The plaintiff, however, maintains that the present case does not fall within the rule referred to, because the action is not founded upon tort, but upon the breach of the defendant’s contract, evidenced by the bill of lading, to carry the wheat to its destination and deliver it in the same condition in which it was received. While the relations between the parties are in a sense contractual, the action is essentially one to recover damages for the violation by the defendant of a duty laid upon it by the law, independent of its own consent. The petition charges that the wheat was injured by the negligence of the defendant, and by its misbehavior as a common .carrier. With respect to the matter now under consideration, the plaintiff’s claim is to be classified as one based upon the wrongful injury to or destruction of its property.

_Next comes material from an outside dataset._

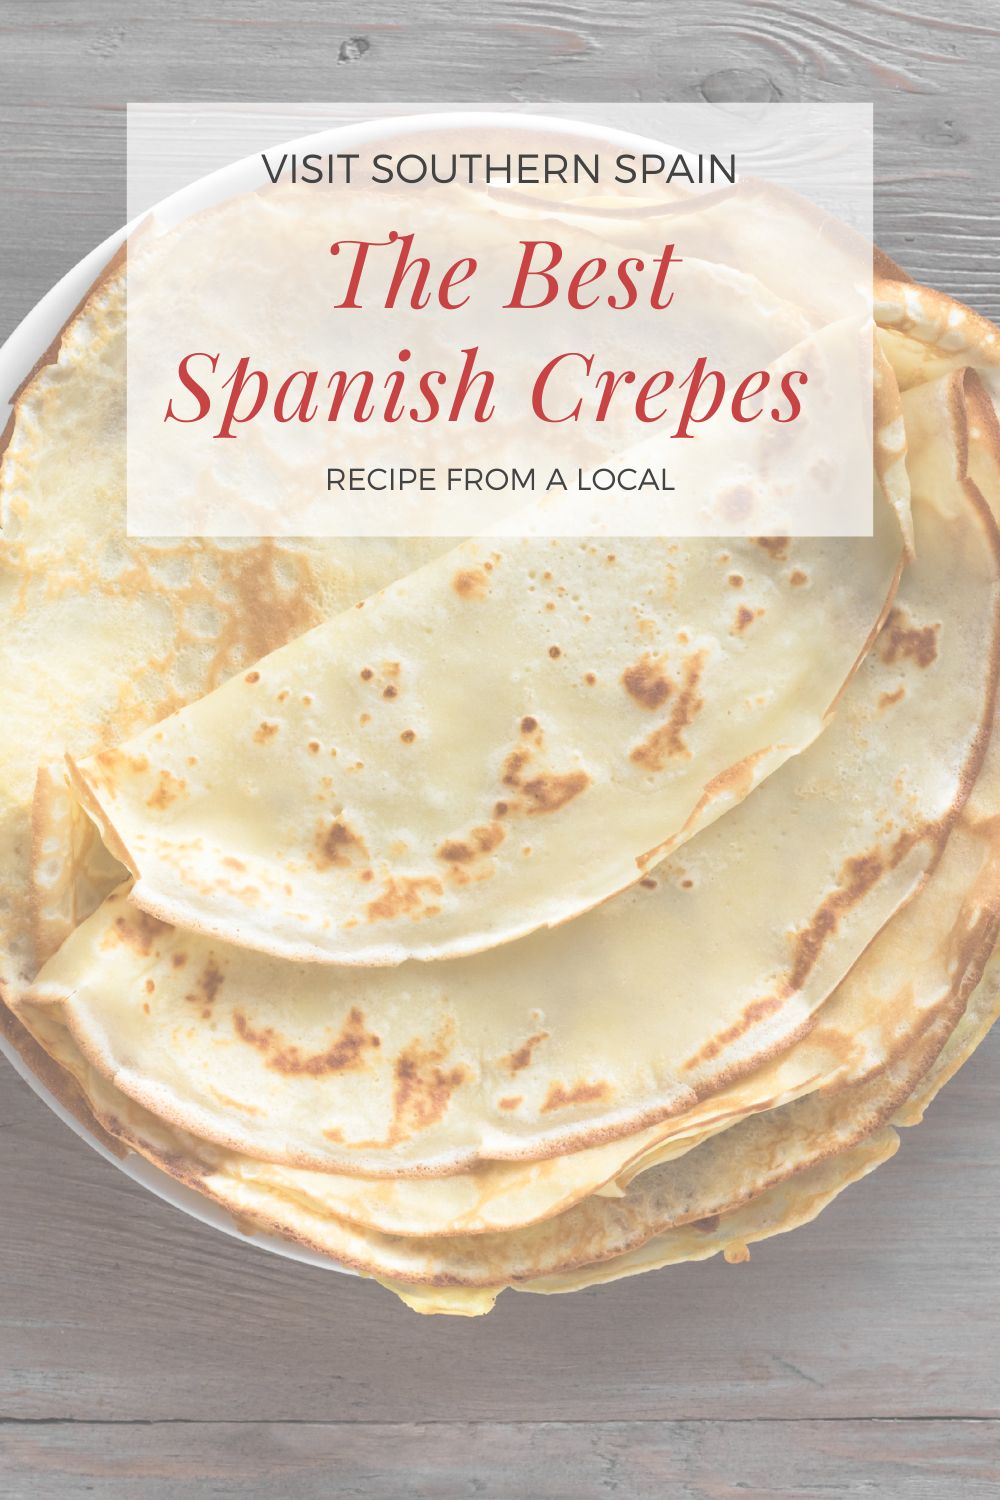 Are you looking for the best Spanish crepes recipe? These delicious Filloas are Spain's most beloved sweet crepes you'll fall in love with from the very first bite. The Spanish crepes recipe is easy to make and you can fill them with chocolate spread, dulce de leche, and fruit jams. Make this sweet crepe recipe for breakfast, lunch, or whenever you want a Hispanic dessert to bring back the memories from your last holiday in Spain. #spanishcrepes #crepesrecipe #spanishdesserts #crepesfromspain

The plaintiff also contends that here the damages are not to be regarded as unliquidated, because they were fixed and definite in amount. This contention is based upon two theories. *4The first is that the defendant was liable in the sum the consignee had contracted to pay to the plaintiff for the wheat. As no notice to the defendant regarding the existence of this contract was shown, its liability was not affected by it. (6 Cyc. 529.) The other theory is that the market value of the wheat was capable of exact ascertainment, being a mere matter of computation. The answer of the defendant included a general denial. The plaintiff was required to show the quantity, quality and market value of the wheat. These were all matters as to which issues were joined, and concerning which there might have been some actual controversy, although it appears that in fact the defendant offered no evidence in contradiction of that introduced by the plaintiff, on which the judgment was based. The value of property destroyed may doubtless be more readily and satisfactorily determined where it consists of a shipment of wheat than where, for instance, it consists of hay in the stack. But the difference is in degree rather than in kind. In most cases a reasonably close estimate of the value of chattels can be made, and no good reason is apparent, for making a distinction in this regard between one kind and another. And the circumstance that the party to be charged does not attempt at the trial to contradict the evidence offered by the owner of the property does not warrant a departure from the general rule as to the allowance of interest.

A final contention of the plaintiff is that he should at least recover interest on the $293 which the railway company received from the sale of the wheat. As damages were allowed on the basis of the value of the wheat at San Antonio, the defendant had a right to deduct from the-salvage the freight charges, $177.50. The plaintiff was at all times entitled to the balance, or $115.50, and the defendant should pay interest on that amount for any period during which it was wrongfully withheld. The court found that the defendant had at once offered to pay the $115.50 in full settlement of its liability. This of course did not constitute a sufficient tender, by reason of the condition imposed. But the answer, filed July 6, 1911, included an unconditional offer to pay that amount. As the defendant appears to have retained all the salvage, without an offer to pay over any part of it, for a period of substantially three years, it should be charged with legal interest for that *5time on the proceeds of the sale in excess of the freight. The judgment will be modified by adding that amount, and as so modified, affirmed.